Стало вдруг темно, ночь наступила мгновенно, а вокруг меня все завертелось и закружилось. Голосили женщины, разбегаясь, и я бежала вместе со всеми, не понимая, куда. Высокие и широкоплечие, как великаны, одетые в медвежьи шкуры, страшные люди потрясали огромными топорами, и эти топоры с легкостью настигали любого. Огонь охватил соломенные крыши домов, мгновенно разливаясь по всей деревушке, начавшей пылать столь ярко, будто само солнце было сброшено с неба. Захватчики двигались вперед, не встречая никакого сопротивления, топоры опускались и поднимались, мерно и неумолимо, подобно молоту кузнечного бога. Они убивали мужчин и стариков, а женщин с детьми сгоняли в круг, чтобы позже связать им руки веревками и, словно скот, погнать к берегу, где качаются на воде их легкие быстрые корабли. Я тоже оказалась на борту. Волны кидали судно из стороны в сторону, горящие избы оставались все дальше, пока не превратились в одну золотую точку на горизонте, сливаясь с россыпью звезд. Девушки плакали, дети жались к материнским юбкам. Я знала их всех, но была иной. И захватчики тоже видели это — они разделили нас сразу же.

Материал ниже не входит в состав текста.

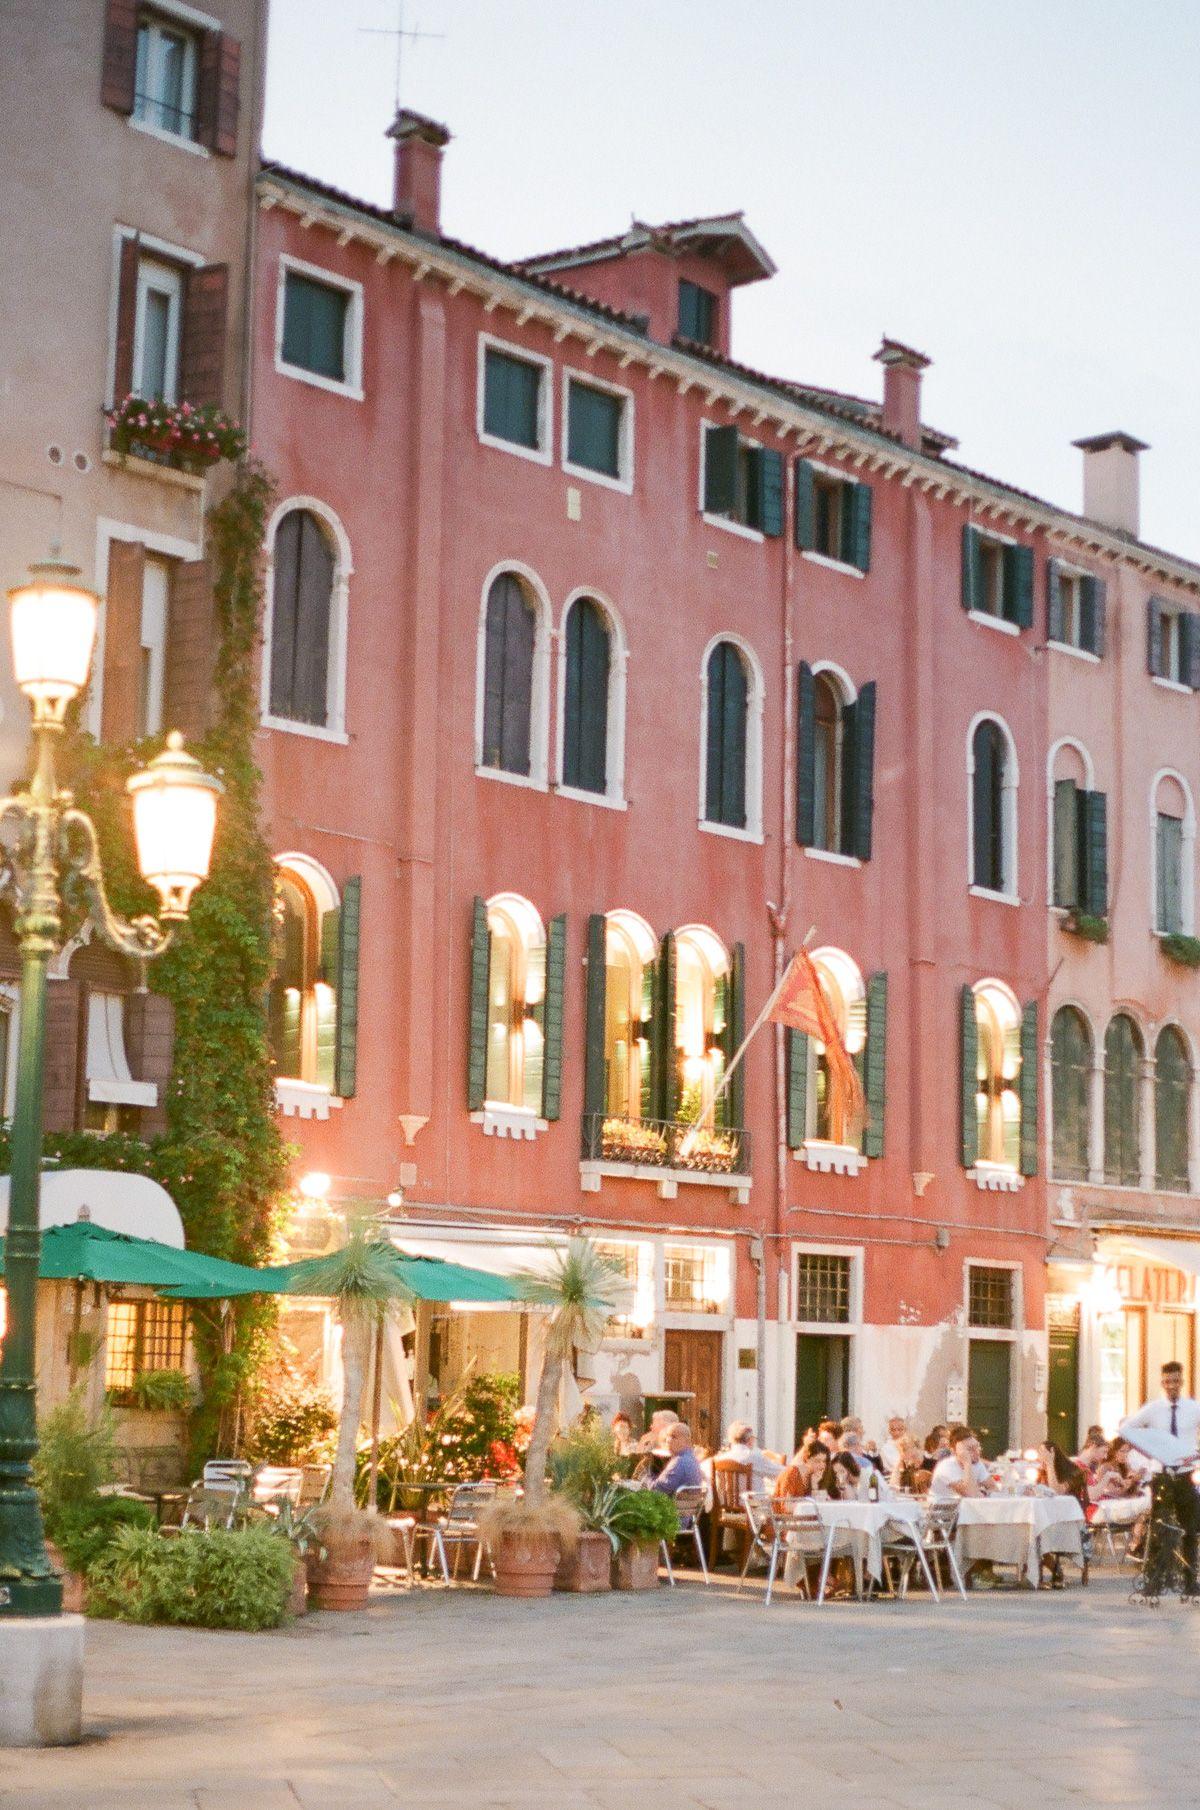 Italy #ohtheplacesillgo

Скалистый берег вырос из тумана прямо перед носом корабля. Остальных пленников сразу же увели, но я осталась ждать своей участи посреди незнакомой деревни, немногим больше нашей, а двое воинов, оставшихся, видимо, сторожить, поглядывали в мою сторону как-то странно, будто ждали, что я попробую убежать, несмотря на веревки, не дающие нормально двигаться. Я даже ощущала их беспокойство, хотя собственный страх и был куда сильнее. Идол с лицом чужого бога возвышался передо мной. Его алтарь был в крови, вместо яблок там лежали кости и старый боевой топор. В жестокой холодной стране царили жестокие боги — я потеряла всякую надежду, видя это место. Не скрытый от чужих глаз, как бывает обычно, а выставленный напоказ кровавый алтарь, чтобы только приблизившись, враги чувствовали силу местных обитателей и ужас перед ними. Я не хотела быть им врагом — я хотела жить.
Двое вышли из большого центрального дома. Один рыжий, другой русый, с усами и бородами, в полном вооружении, с раскрашенными лицами. Сказали что-то моим сторожам на неприятном каркающем наречии, те начали возражать. Я замерла в ожидании, пытаясь хотя бы по интонациям или жестам понять, о чем идет речь, но спор их оставался непонятен. Никогда прежде во сне я не слышала незнакомых языков, и уже только поэтому он не был обычным сновидением.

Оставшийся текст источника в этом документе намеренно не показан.